The presence of this black hole population, as well as any massive compact objects, would gravitationally bend and magnify light from distant objects on its way to Earth. This would be especially true of distant Type Ia supernovas, which astronomers have used for decades as the standard brightness source for measuring cosmic distances and the rate at which the Universe is expanding.
However, after conducting a complex statistical analysis of data on the brightness and distance of 740 supernovas – 580 in the Union and 740 in the Joint Light-curve Analysis (JLA) catalogs – the team concluded that eight of the supernovas should be brighter by a few tenths of a percent than what has been historically observed. However, no such brightening was detected, even when low-mass black holes were factored in.
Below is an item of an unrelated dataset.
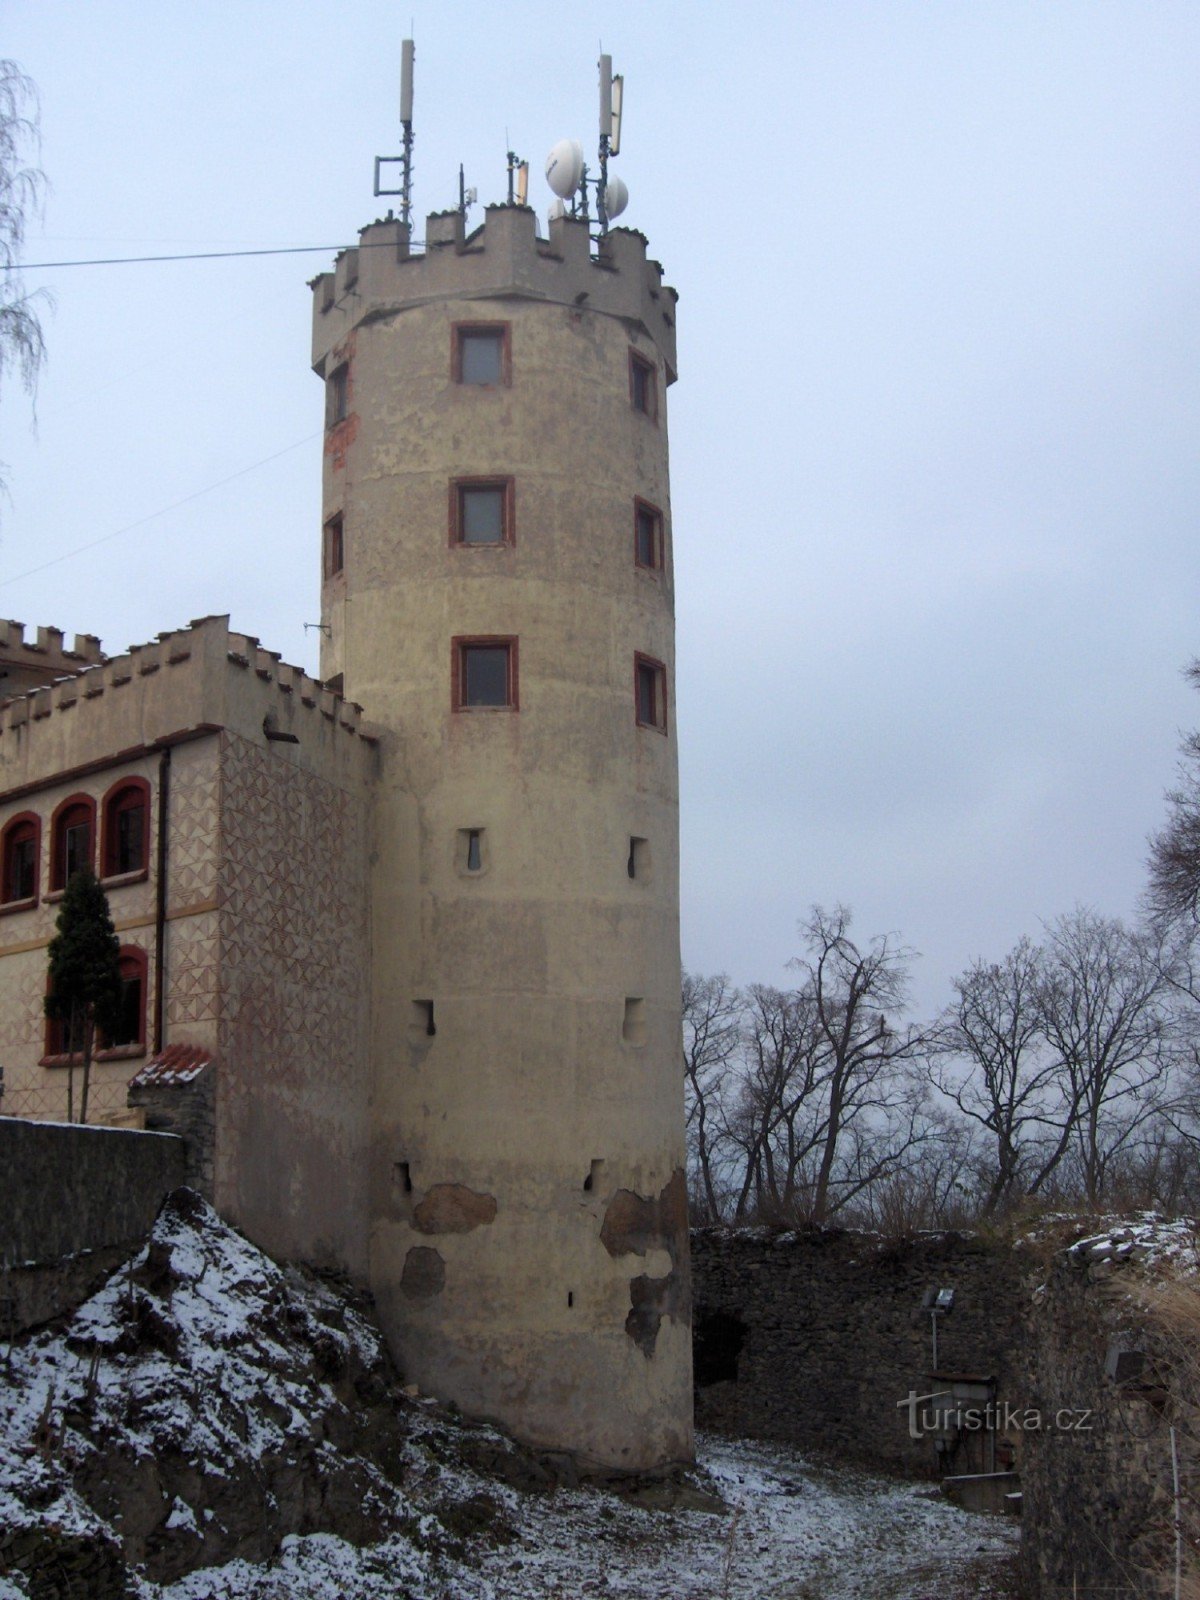 Torre mirador Doubravka
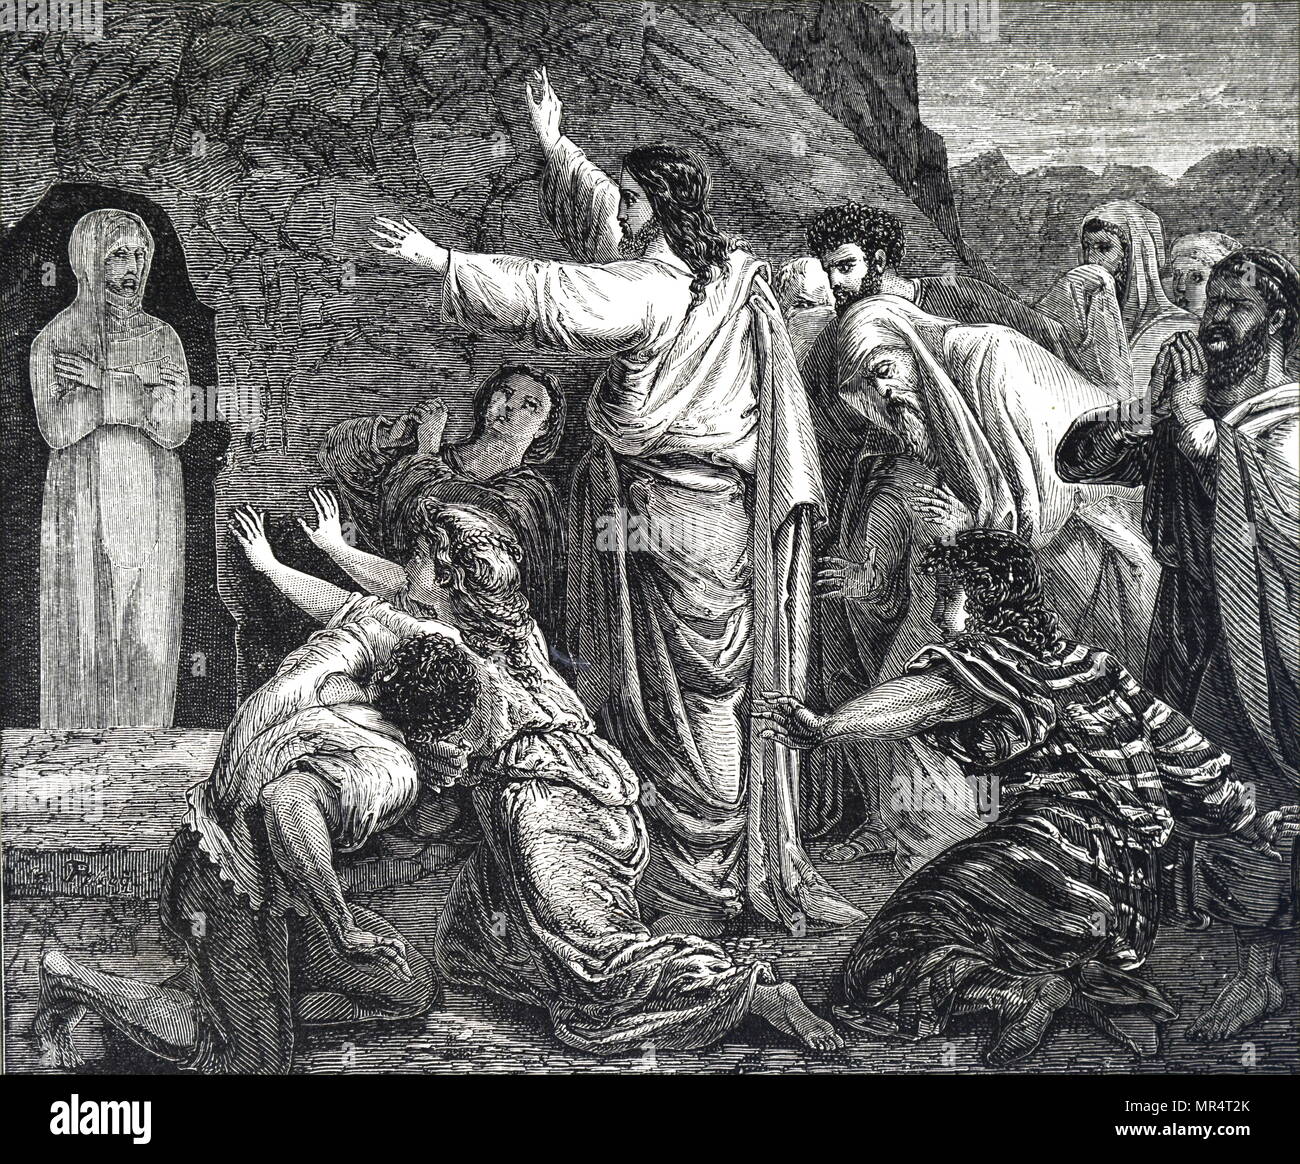 Kupferstich mit der Darstellung der Auferweckung des Lazarus. Jesus stellt sich Lazarus, der Bruder von Martha und Maria, der von den Toten nach der Verstorbenen, für 4 Tage. Vom 19. Jahrhundert Stockfoto

“You cannot see this effect on one supernova, but when you put them all together and do a full Bayesian analysis you start putting very strong constraints on the dark matter, because each supernova counts and you have so many of them,” said Zumalacárregui.
From their analysis, they concluded that black holes can make up no more than about 40% of the dark matter in the Universe. After including 1,048 more bright supernovas from the Pantheon catalog (and at greater distances), the constraints became even tighter. With this second data set, they obtained an even lower upper limit – 23% – than in their original analysis.
These results suggest that none of the Universe’s dark matter consists of heavy black holes, or any similarly massive objects like MACHOs. “We are back to the standard discussions,” said Seljak. “What is dark matter? Indeed, we are running out of good options. This is a challenge for future generations.”
This study was based on earlier research conducted by Seljak in the late 1990s when scientists were considering MACHOs and other massive objects as a possible source of dark matter. However, the study was limited due to the fact that only a small number of distant Type Ia supernovas had been discovered or had their distances measured at the time.
In addition, the search for Dark Matter shifted shortly thereafter from large objects to fundamental particles (such as WIMPs). As a result, plans for follow-up studied did not materialize. But thanks to the LIGO observations of gravitational waves, the possible connection between black holes and dark matter once again emerged and inspired Seljak and Zumalacárregui to conduct their analysis.
“What was intriguing is that the masses of the black holes in the LIGO event were right where black holes had not yet been excluded as dark matter,” Seljak said. “That was an interesting coincidence that got everyone excited. But it was a coincidence.”
The theory of Dark Matter was officially adopted in the 1970s, during the “Golden Age of Relativity”, to account for the discrepancies between the apparent mass of objects in the Universe and their observed gravitational effects. It appears that half a century later, we are still trying to track down this mysterious, invisible mass. But with every study, additional constraints are being placed on Dark Matter and possible candidates eliminated.
Given time, we might just unlock this cosmological mystery and be one step closer to understanding how the Universe formed and evolved.